-- Data segment follows --

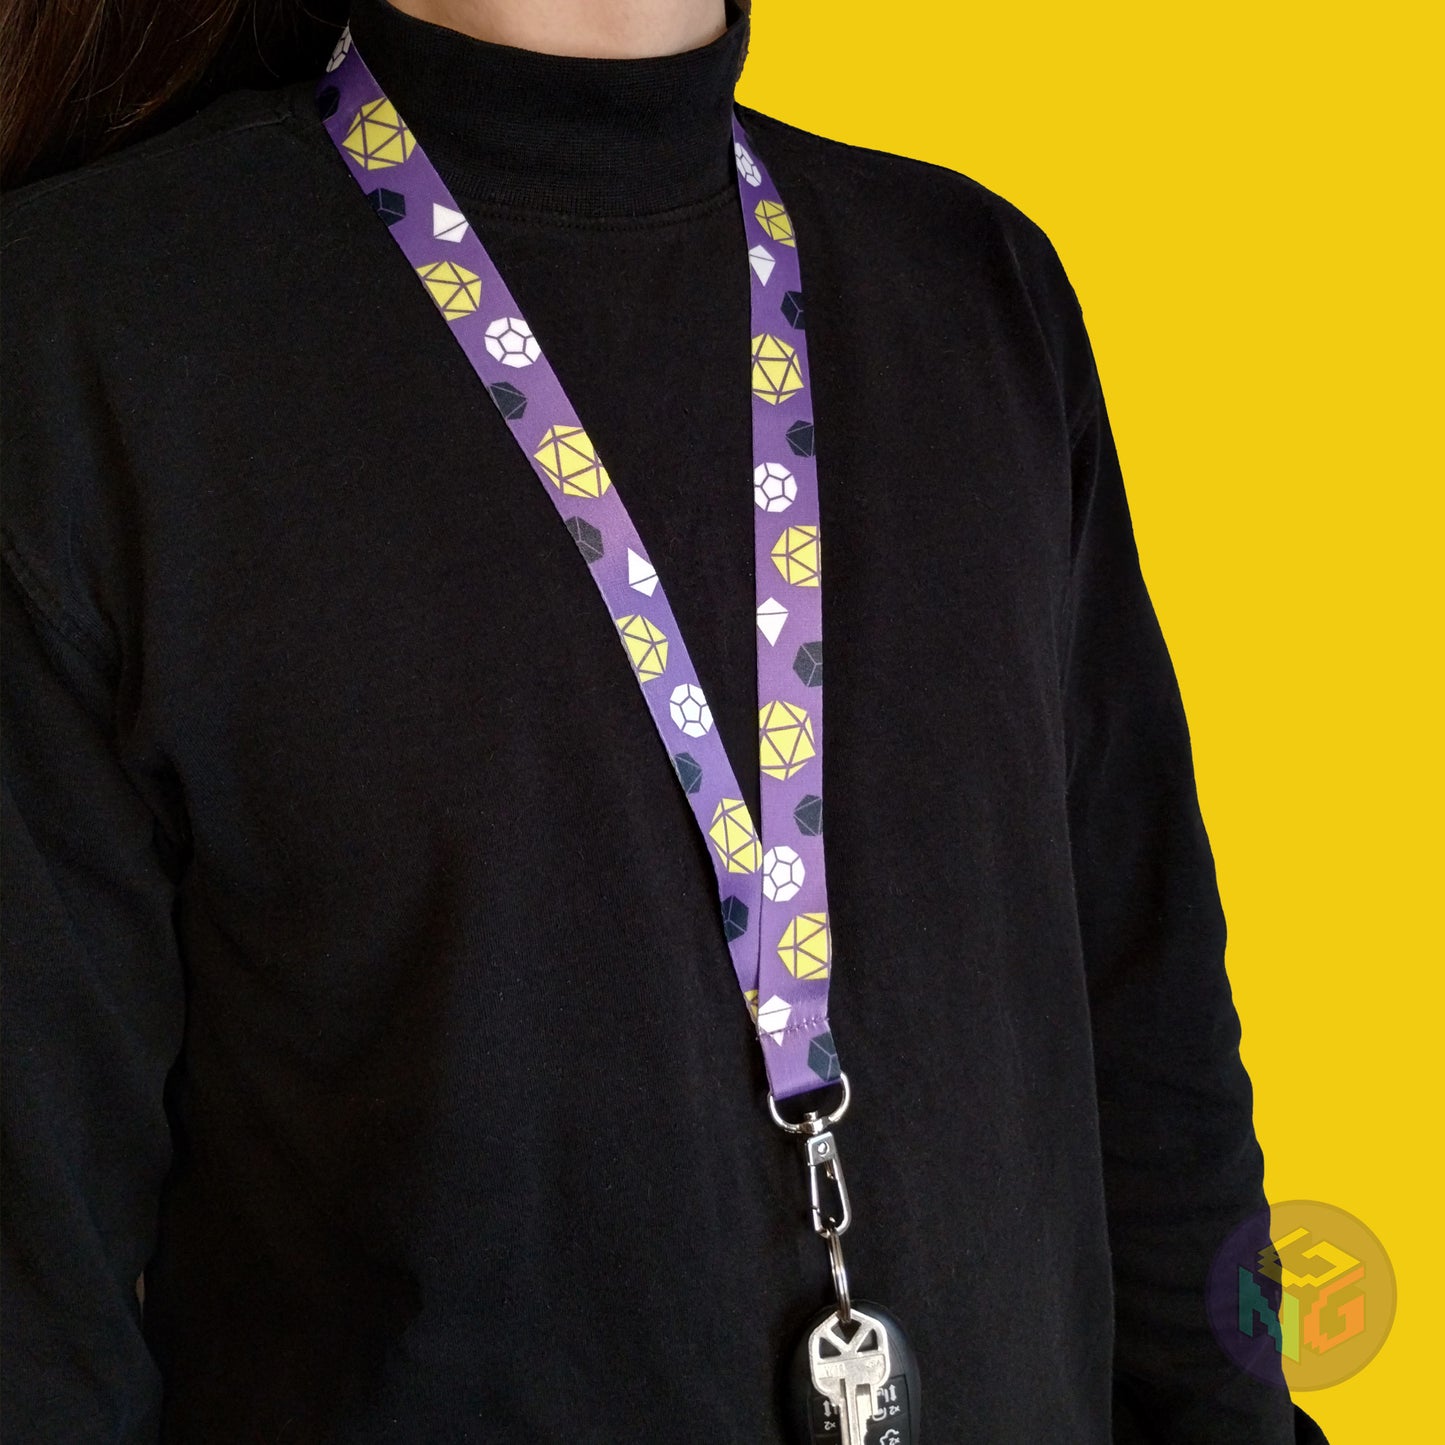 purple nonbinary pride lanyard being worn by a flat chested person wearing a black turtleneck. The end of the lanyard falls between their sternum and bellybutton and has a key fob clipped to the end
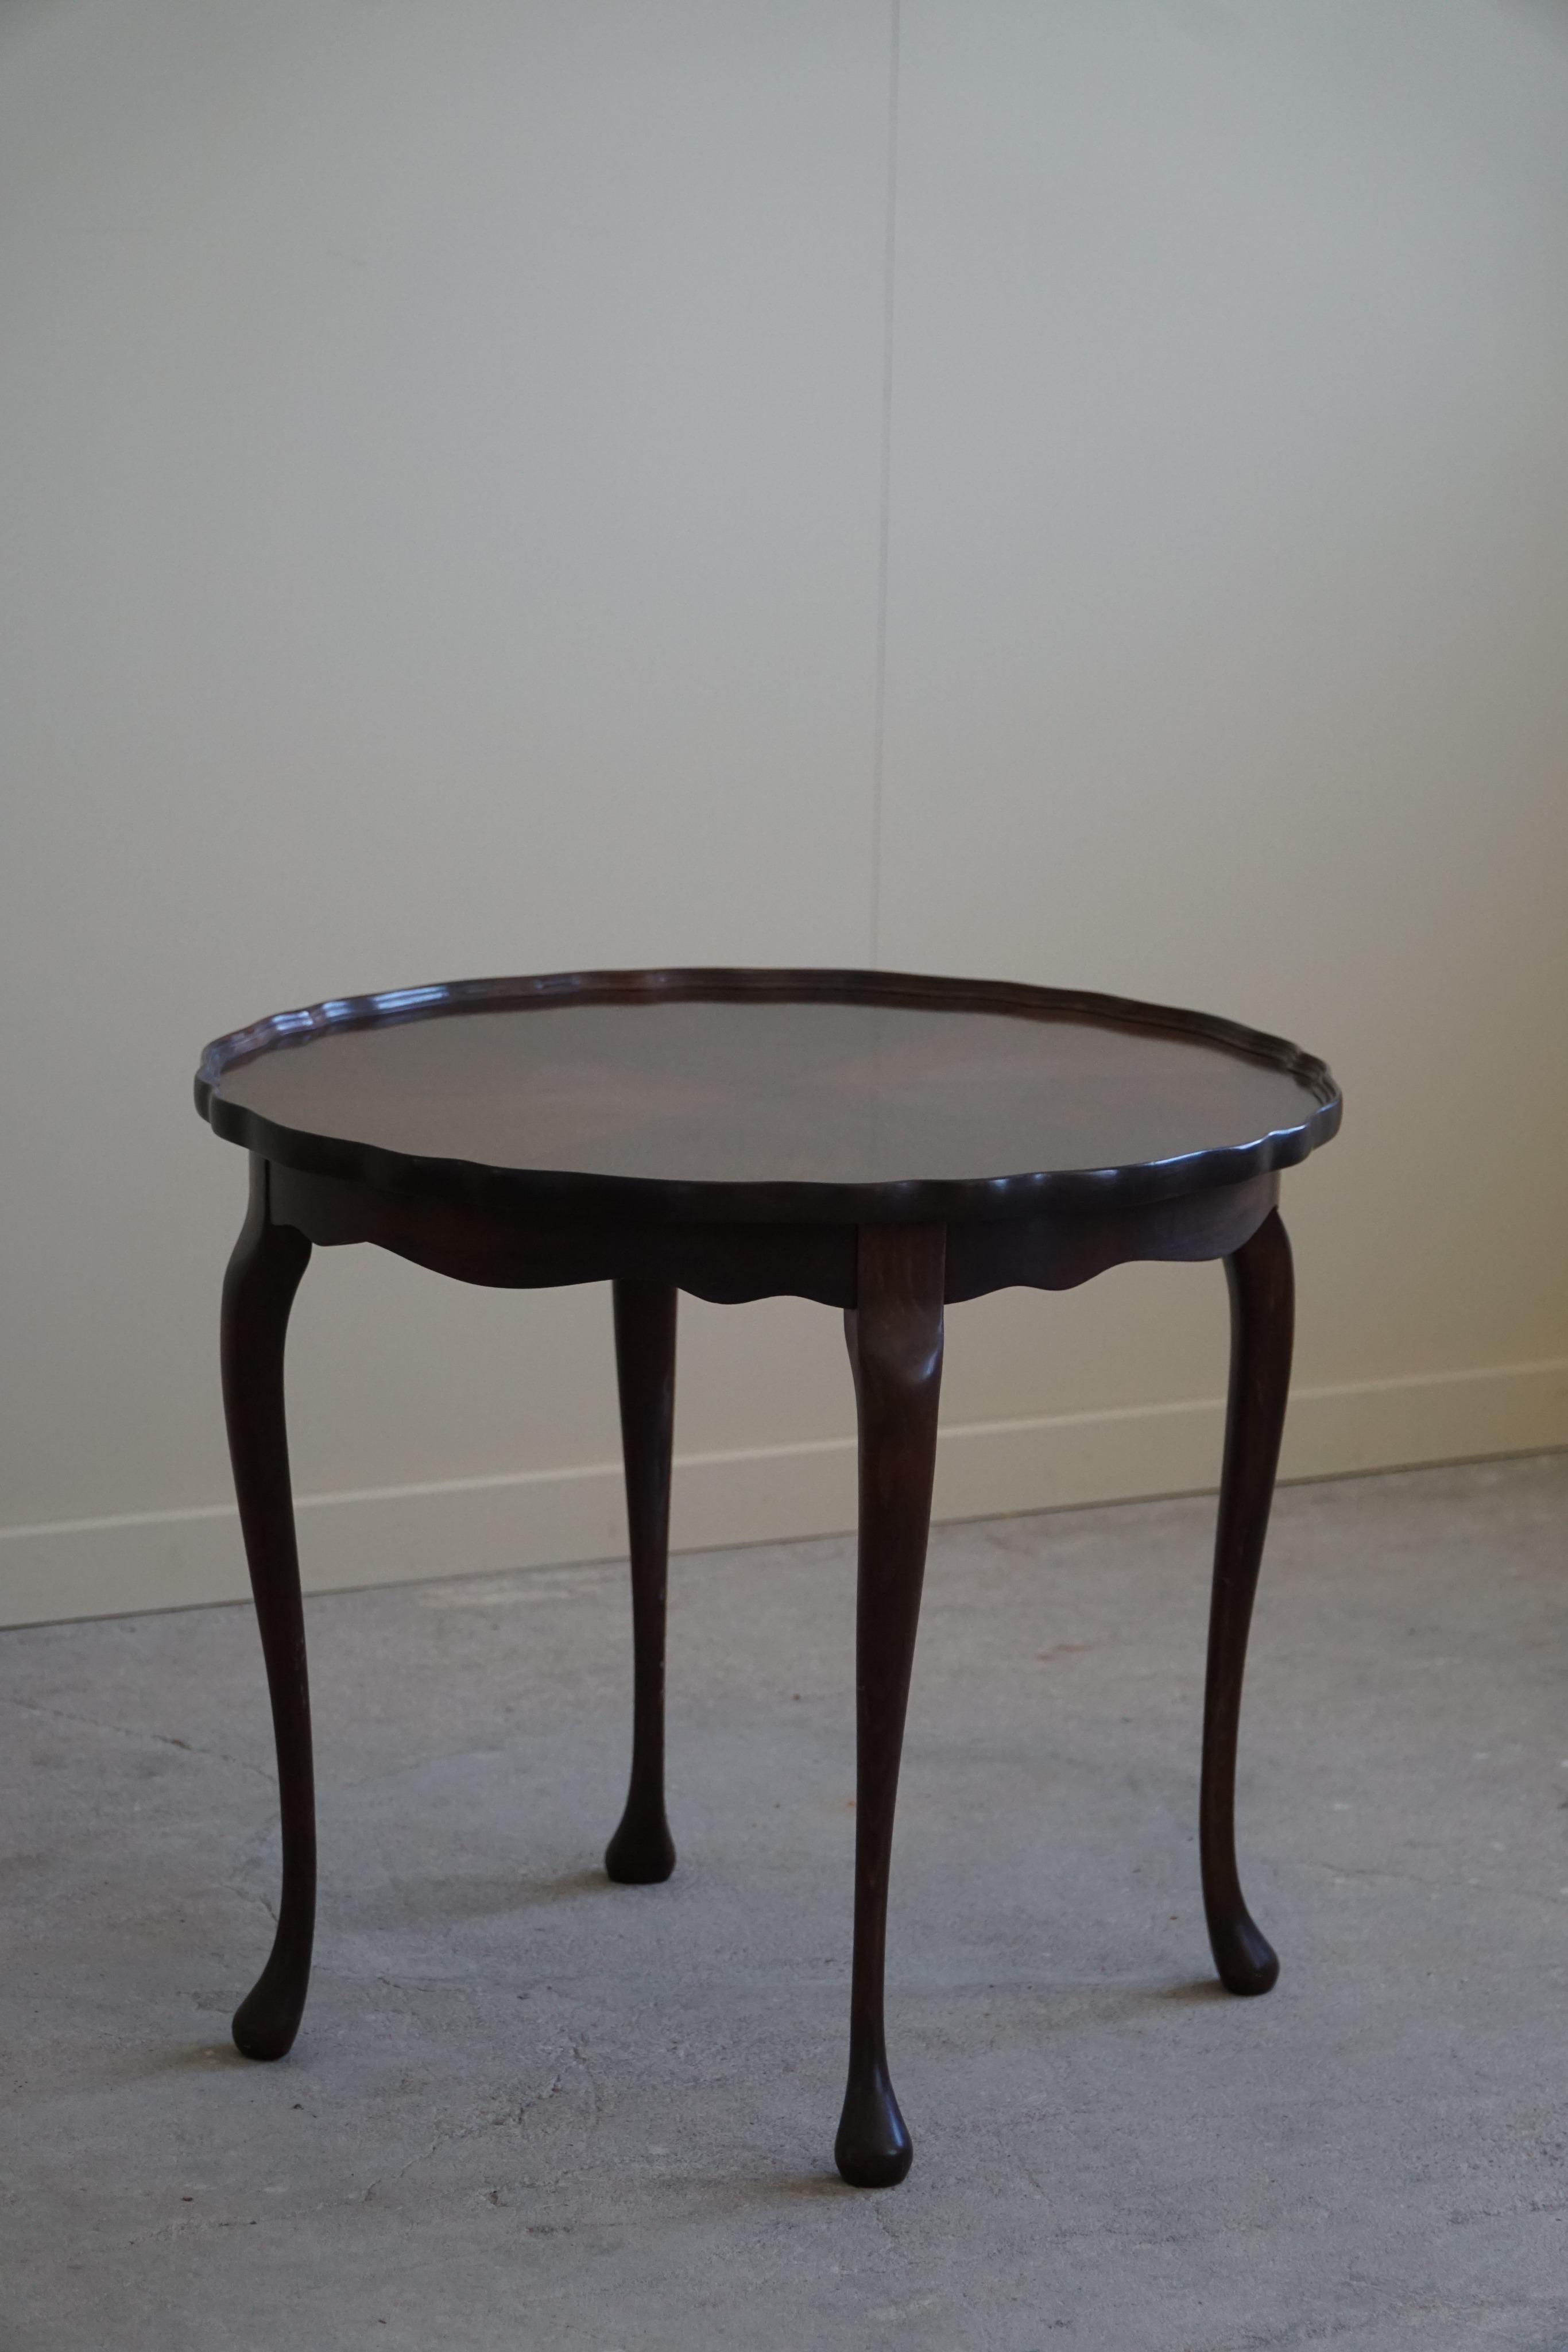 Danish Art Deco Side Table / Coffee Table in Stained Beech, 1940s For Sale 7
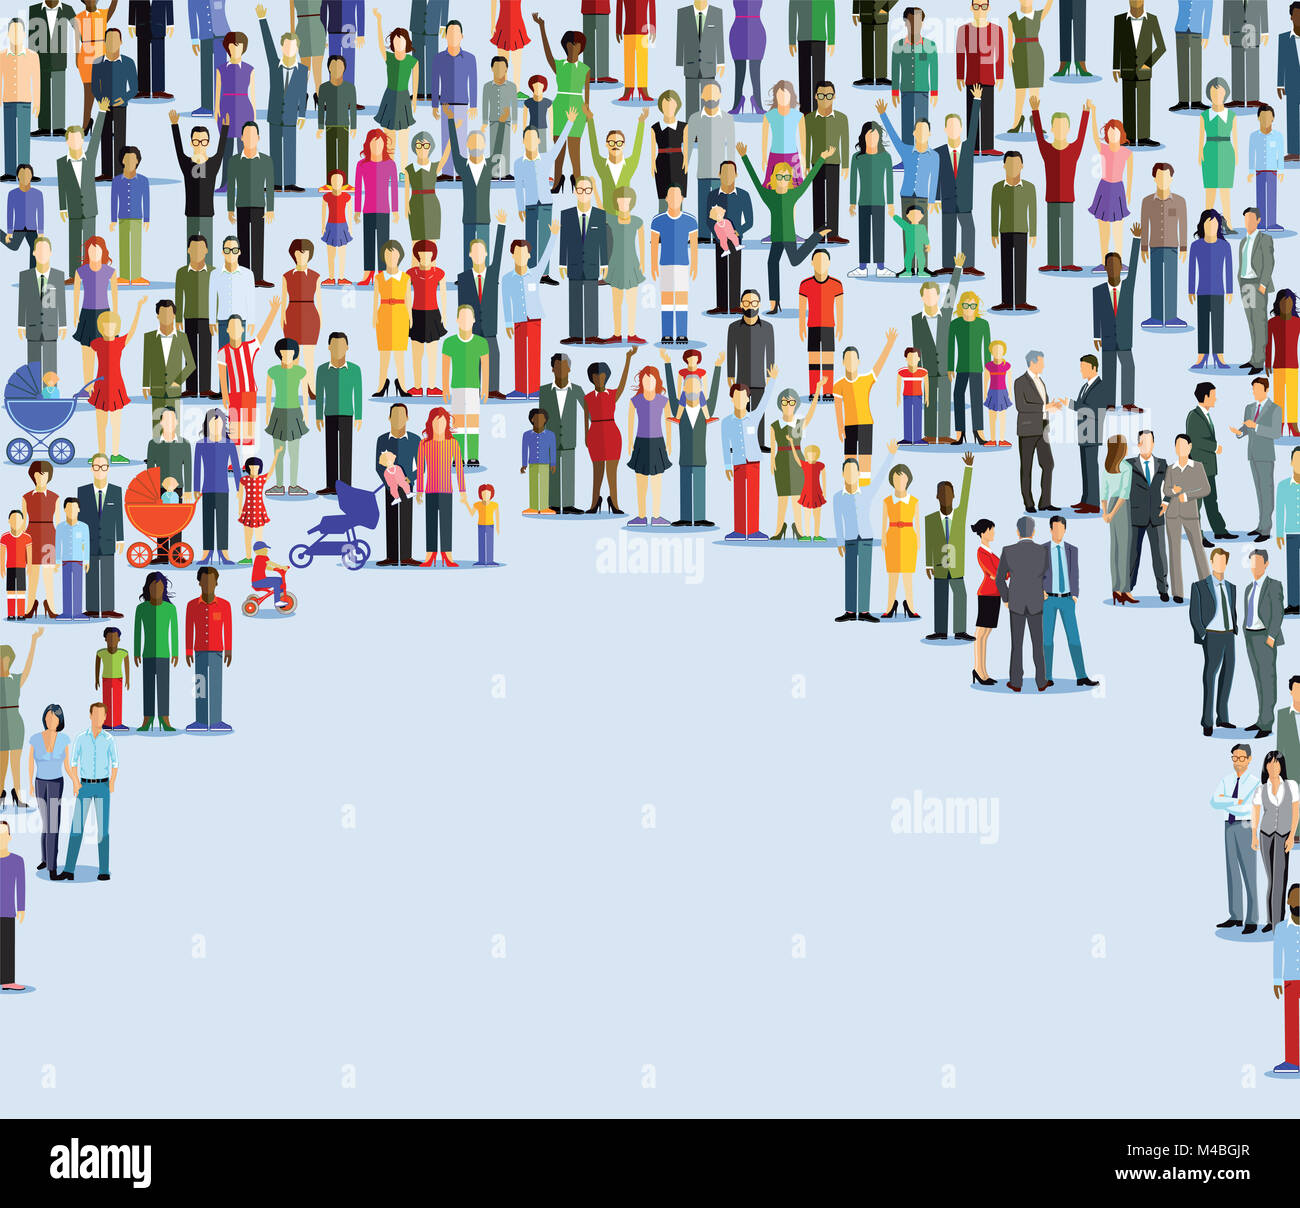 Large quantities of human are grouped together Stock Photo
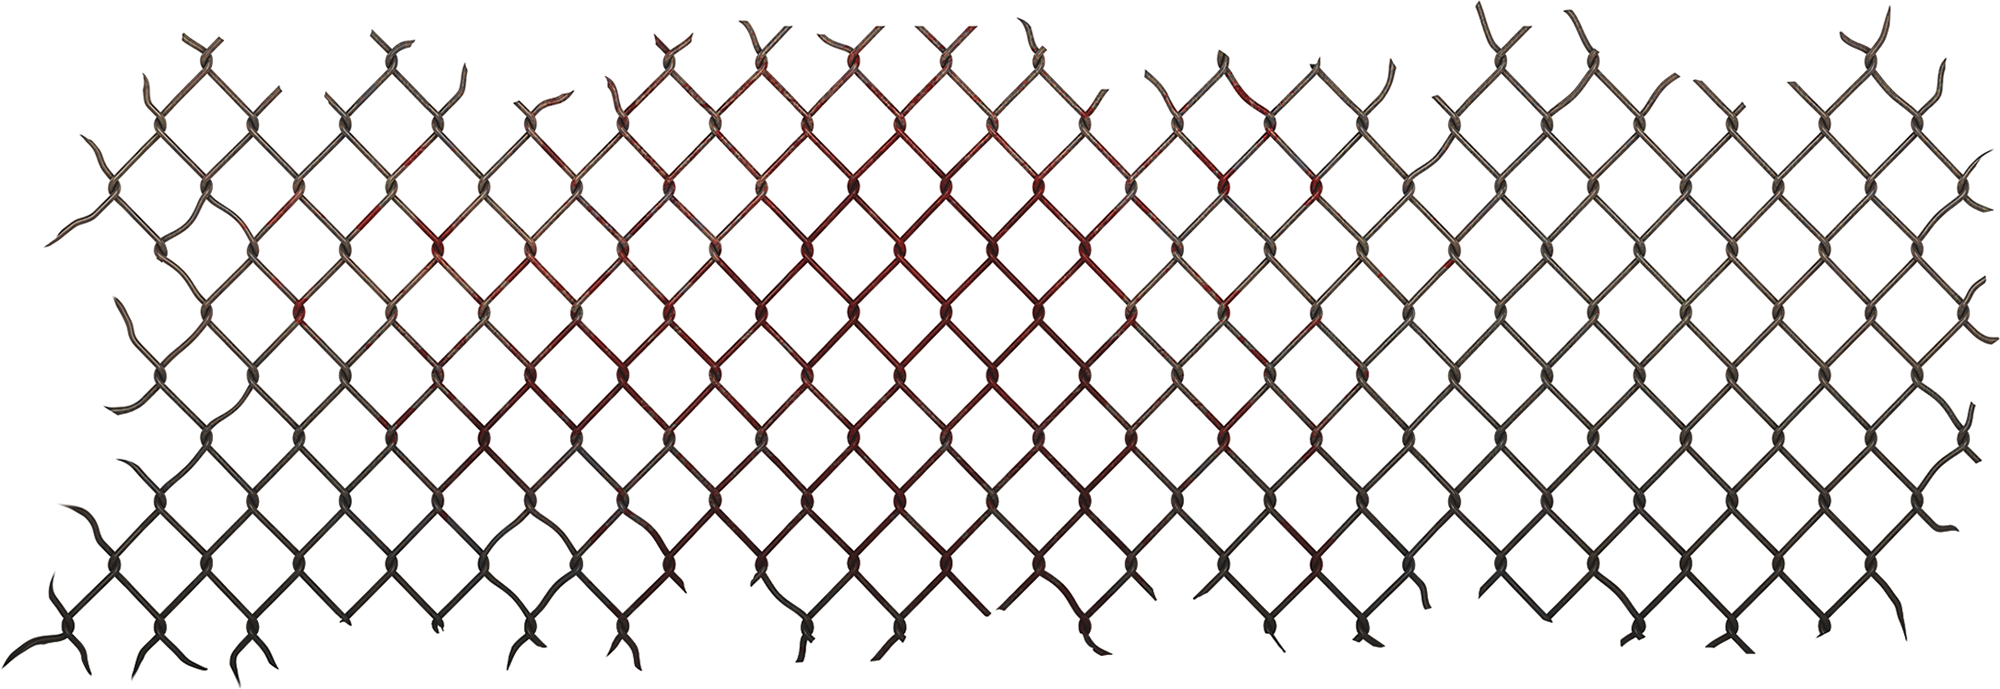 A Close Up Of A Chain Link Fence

-- Data segment concluded --

Exercise -> Without including any picture, reproduce the material above word for word.

Task response ->
 purple nonbinary pride lanyard being worn by a flat chested person wearing a black turtleneck. The end of the lanyard falls between their sternum and bellybutton and has a key fob clipped to the end
 Danish Art Deco Side Table / Coffee Table in Stained Beech, 1940s For Sale 7
 Large quantities of human are grouped together Stock Photo
 A Close Up Of A Chain Link Fence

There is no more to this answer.